Copy to a installation path

cd solr-*
cp -R example/solr /opt
cp dist/*.war /opt/solr/solr.war
chown tomcat:tomcat -R /opt/solr

Fixing Solr

4.3.1 ships broken by default, fuck knows why, to fix you need to copy some logging jar classes to tomcats class path.

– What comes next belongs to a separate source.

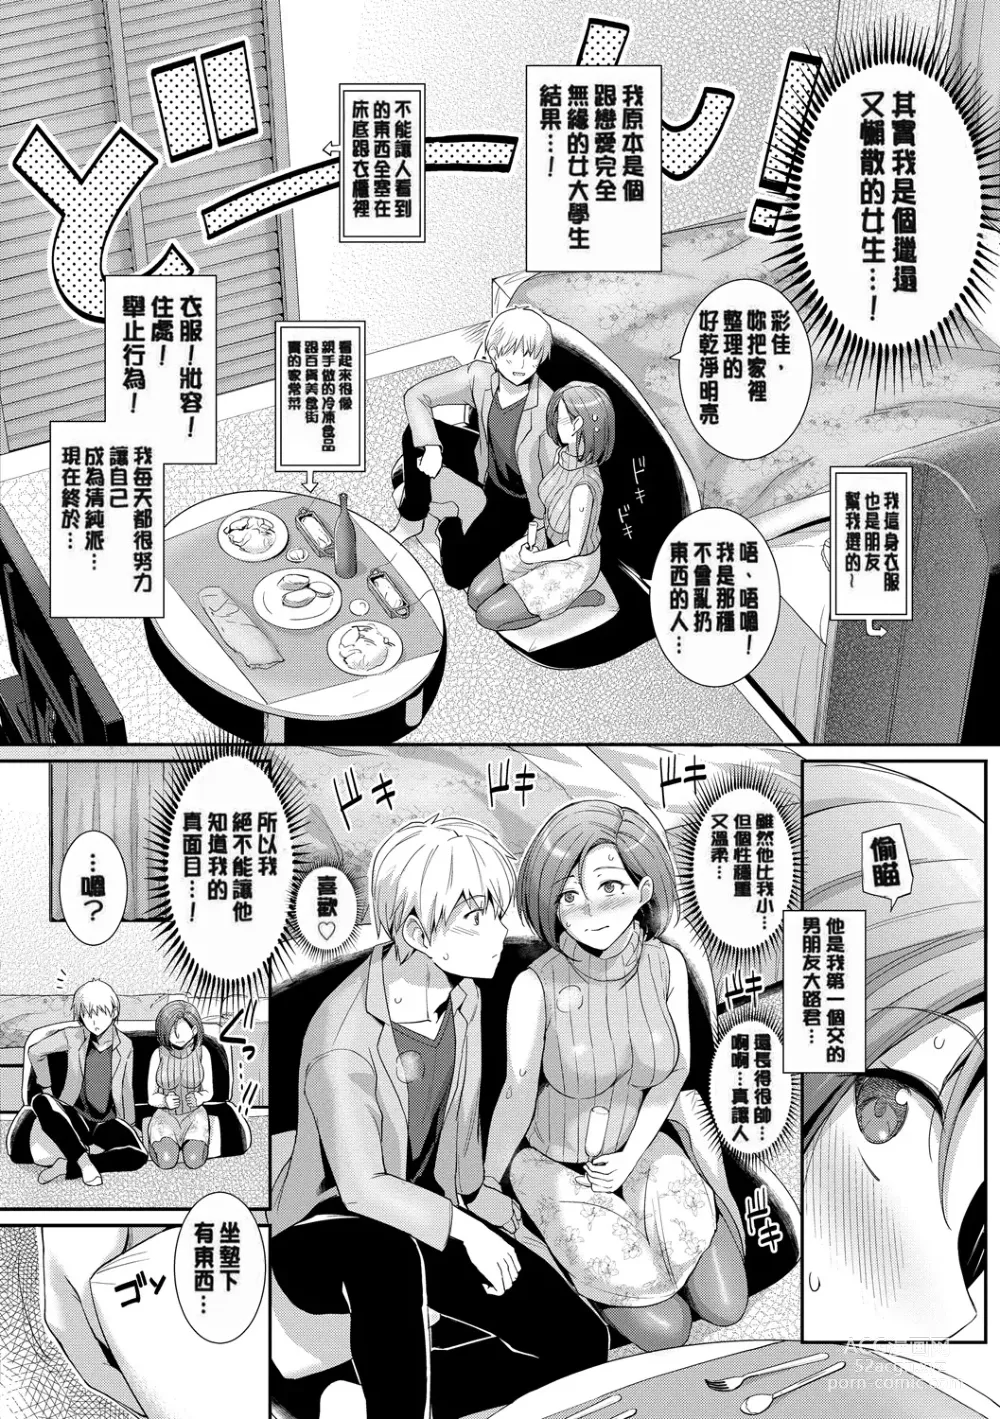 Page 178 of manga 甘色バニラ (uncensored)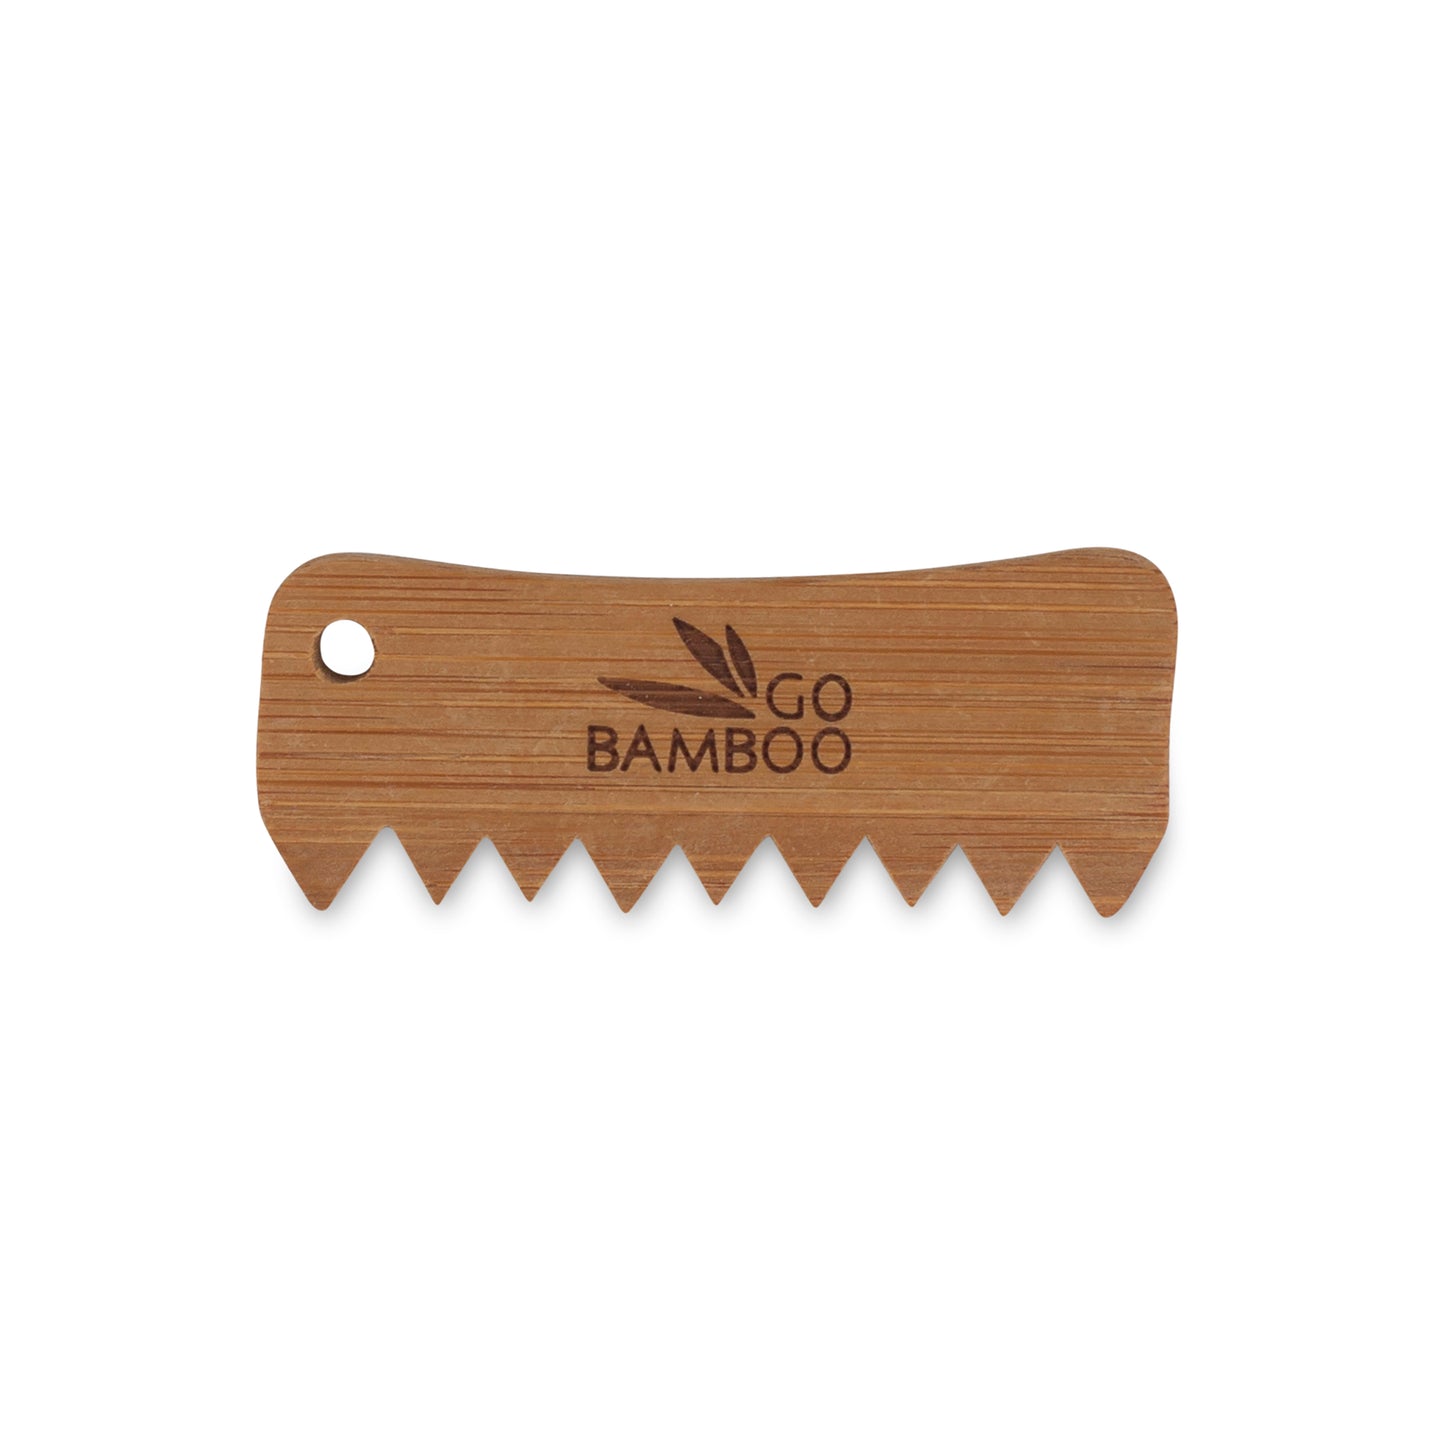 Bamboo Wood Comb - Surf Wax Comb - Go Bamboo

cp example/lib/ext/* /usr/share/tomcat6/lib
cp example/resources/log4j.properties /usr/share/tomcat6/lib

Deploy to and setup tomcat

cat > /usr/share/tomcat6/conf/Catalina/localhost/solr.xml <<EOF
<?xml version="1.0" encoding="utf-8"?>
<Context docBase="/opt/solr/solr.war" debug="0" crossContext="true">
	<Environment name="solr/home" type="java.lang.String" value="/opt/solr/" override="true"/>
</Context>
EOF

Setup the manager username/password /etc/tomcat6/tomcat-users.xml

<?xml version='1.0' encoding='utf-8'?>
<tomcat-users>
	<user name="tomcat" password="changeme" roles="admin,manager" />
</tomcat-users>

Make sure tomcat starts at boot and restart for our changes to take affect.

chkconfig tomcat6 on
service tomcat6 restart

By this point Solr should be installed and running, navigate to http://localhost:8080/solr to view the admin interface

Create a new Solr core

By default you will notice you will have a core named collection1. Trying to create a new core via the admin interface will most likely return Error CREATEing SolrCore 'new_core': Unable to create core: new_core so we need to do this manually.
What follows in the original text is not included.